Reishi mushroom extract is Hepatoprotective...meaning it protects the liver. Reishi protects the liver mainly from its polysaccharides, antioxidants and free radical-scavenging activity. Here's a few studies (of many) on hepatoprotective activity of reishi. [/font][/size][/color]

Hepatoprotective Activity and the Mechanisms of Action of Ganoderma lucidum (Curt.:Fr.) P. Karst. (Ling Zhi, Reishi Mushroom) (Aphyllophoromycetideae)

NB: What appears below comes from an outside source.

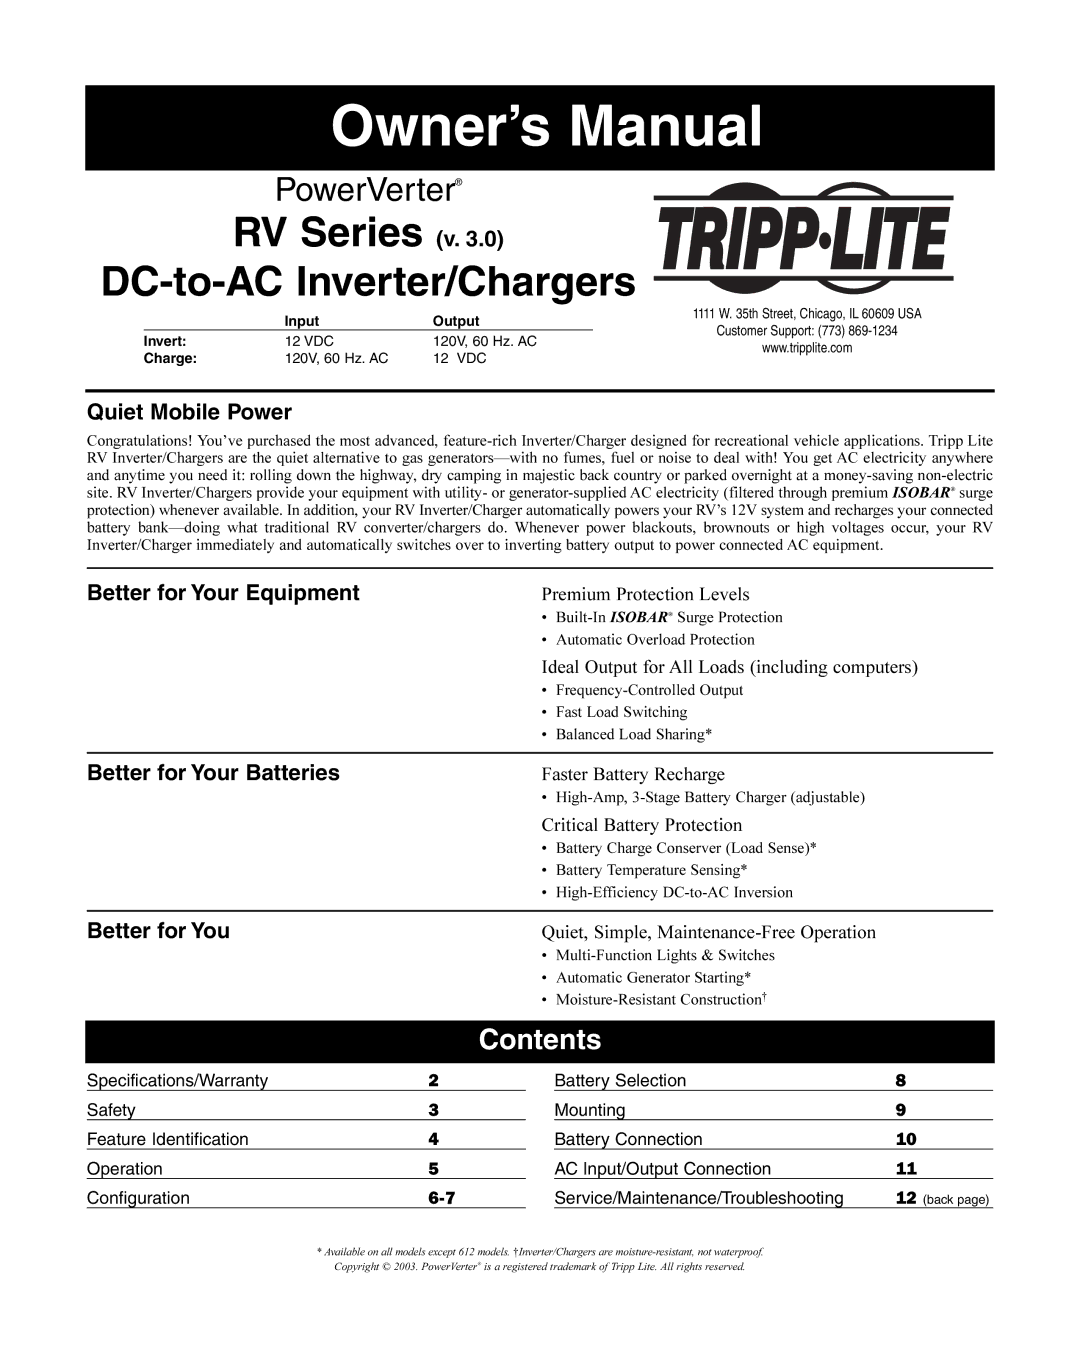 Tripp Lite 200310080, 93-2182 owner manual RV Series v DC-to-AC Inverter/Chargers, Contents 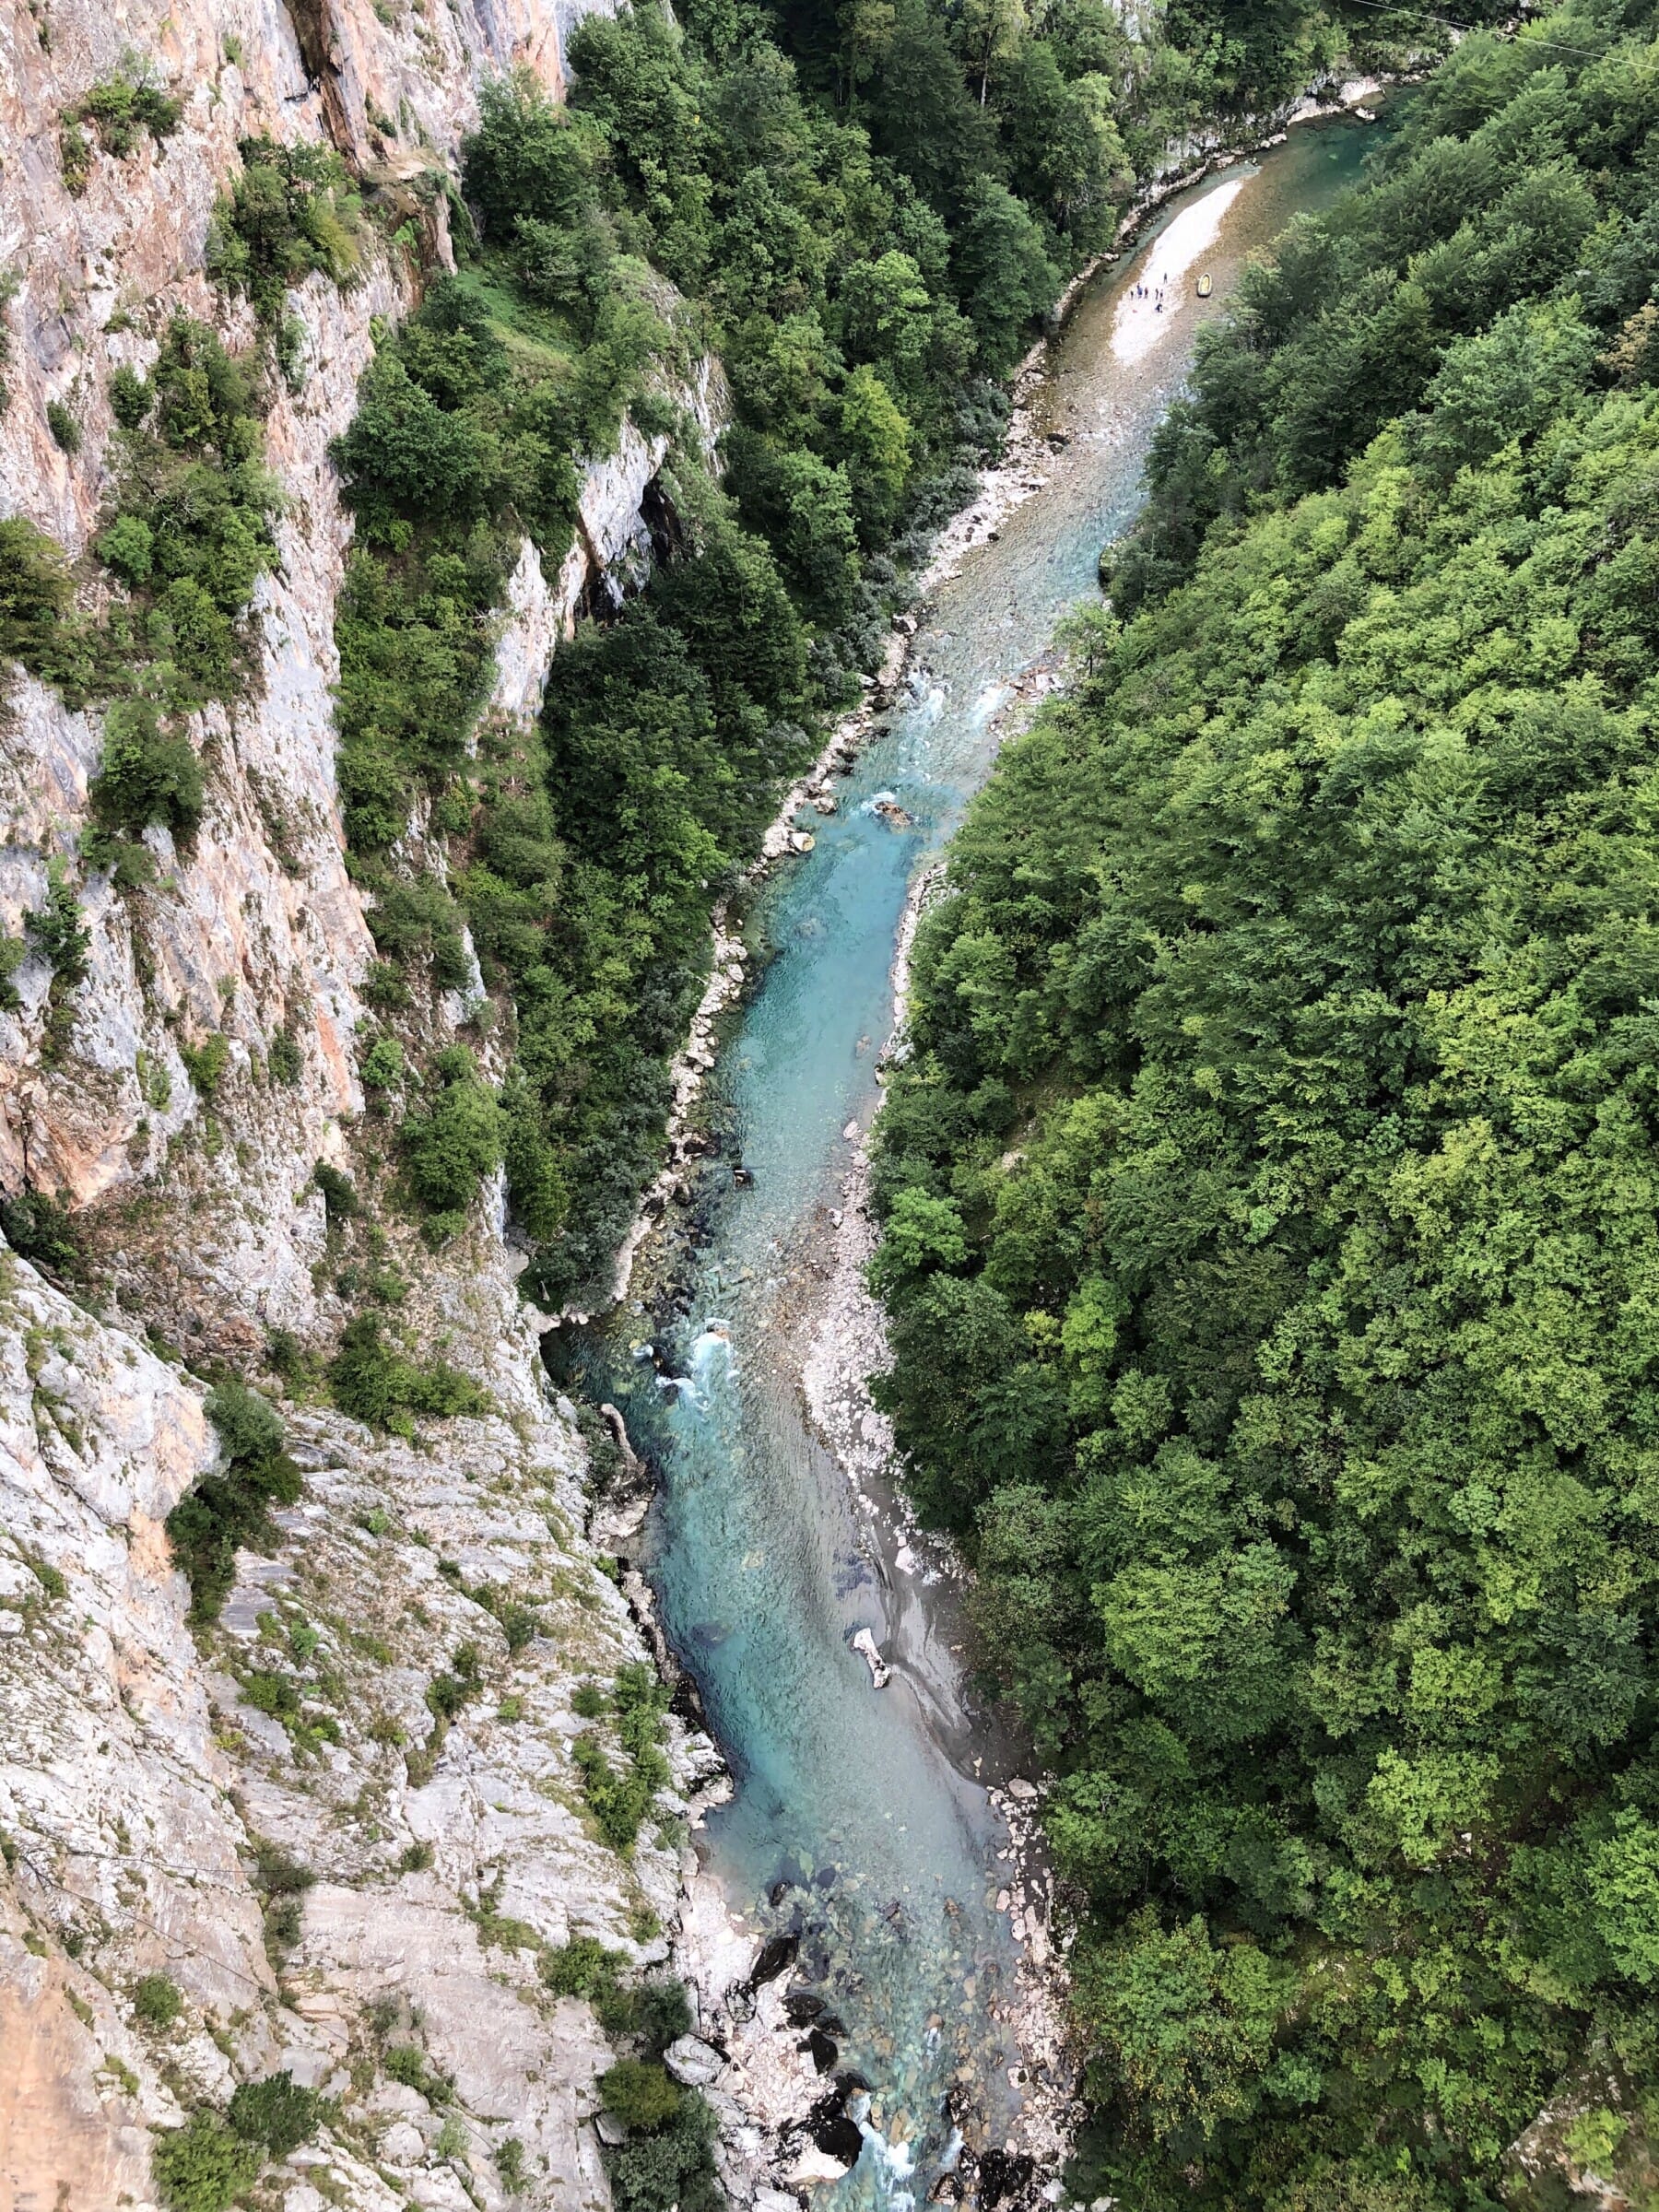 The second depeest canyon in the world with the crystal slear water

Yihuai Gao, Min Huang, Zhi-Bin Lin, Shufeng Zhou

International Journal of Medicinal Mushrooms 5 (2), 2003

Herbal medicines are always considered to be a safe and useful approach for the treatment of chronic hepatopathy. Ganoderma lucidum (Curt.: Fr.) P. Karst.[(Ling Zhi, Reishi mushroom)(Aphyllophoromycetideae)], a highly ranked medicinal mushroom in Oriental traditional medicine, has been widely used for the treatment of chronic hepatopathy of various etiologies. Data from in vitro and animal studies indicate that G. extracts (mainly polysaccharides or triterpenoids) exhibit protective activities against liver injury induced by toxic chemicals (eg, CCl 4) and Bacillus Calmette-Guerin (BCG) plus lipopolysaccharide (LPS). G. also showed anti–hepatitis B virus (HBV) activity in a duckling study. Recently, a randomized placebo-controlled clinical study showed that treatment with G. polysaccharides for 12 weeks reduced hepatitis B e antigen (HBeAg) and HBV DNA in 25%(13/52) patients with HBV infection. The mechanisms of the hepatoprotective effects of G. have been largely undefined. However, accumulating evidence suggests several possible mechanisms. These include antioxidant and radical-scavenging activity, modulation of hepatic Phase I and II enzymes, inhibition of b-glucuronidase, antifibrotic and antiviral activity, modulation of nitric oxide production, maintenance of hepatocellular calcium homeostasis, and immunomodulating effects. G. could represent a promising approach for the management of various chronic hepatopathies. Further studies are needed to explore the kinetics and mechanisms of action of G. constituents with hepatoprotective activities.
https://www.researchgate.net/publication...eae_Review


Hepatoprotective Effects of Mushrooms

6.2. Triterpenoids, Polysaccharides and Peptides from Ganoderma lucidum

The most studied mushroom with respect to hepatoprotective effects is Ganoderma lucidum. This fact is not surprising because G. is, indubitably, the most studied medicinal mushroom. Approximately 400 chemical substances have been isolated from G. lucidum, which include mainly polysaccharides, triterpenoids, nucleosides, ergosterols, fatty acids, proteins/peptides, and trace elements. Particularly polysaccharide and triterpenoid components in G. have been proposed as the bioactive constituents responsible for the protective activities against toxin-induced liver injury [105,106,107]. In a broad review about the hepatoprotective properties of G. , Gao et al. [106] collected evidence to suggest possible molecular mechanisms to explain its hepatoprotective actions. Among these mechanisms, the authors include antioxidant and radical-scavenging activity, modulation of hepatic Phase I and II enzymes, inhibition of β-glucuronidase, antifibrotic and antiviral activity, modulation of nitric oxide production, maintenance of hepatocellular calcium homeostasis, and immunomodulatory effects.

Data from in vitro and animal studies indicate that G. extracts, mainly polysaccharides or triterpenoids, exhibit protective activities against liver injury induced by toxic chemicals (e.g., CCl4) and Bacillus Calmette-Guerin (BCG) plus lipopolysaccharide (LPS). The fungus also showed anti hepatitis B-virus (HBV) activity in a duckling study. Recently, a randomized placebo-controlled clinical study showed that treatment with G. polysaccharides for 12 weeks reduced hepatitis B e antigen (HBeAg) and HBV DNA by 25% (13/52) in patients with HBV infection. The mechanisms of the hepatoprotective effects are still undefined. Evidence suggests that antioxidant and radical scavenging activity, modulation of hepatic phase I and II enzymes, inhibition of b-glucuronidase, antifibrotic and antiviral activity, modulation of nitric oxide production, maintenance of hepatocellular calcium homeostasis, and immunomodulatory effects might be involved [107].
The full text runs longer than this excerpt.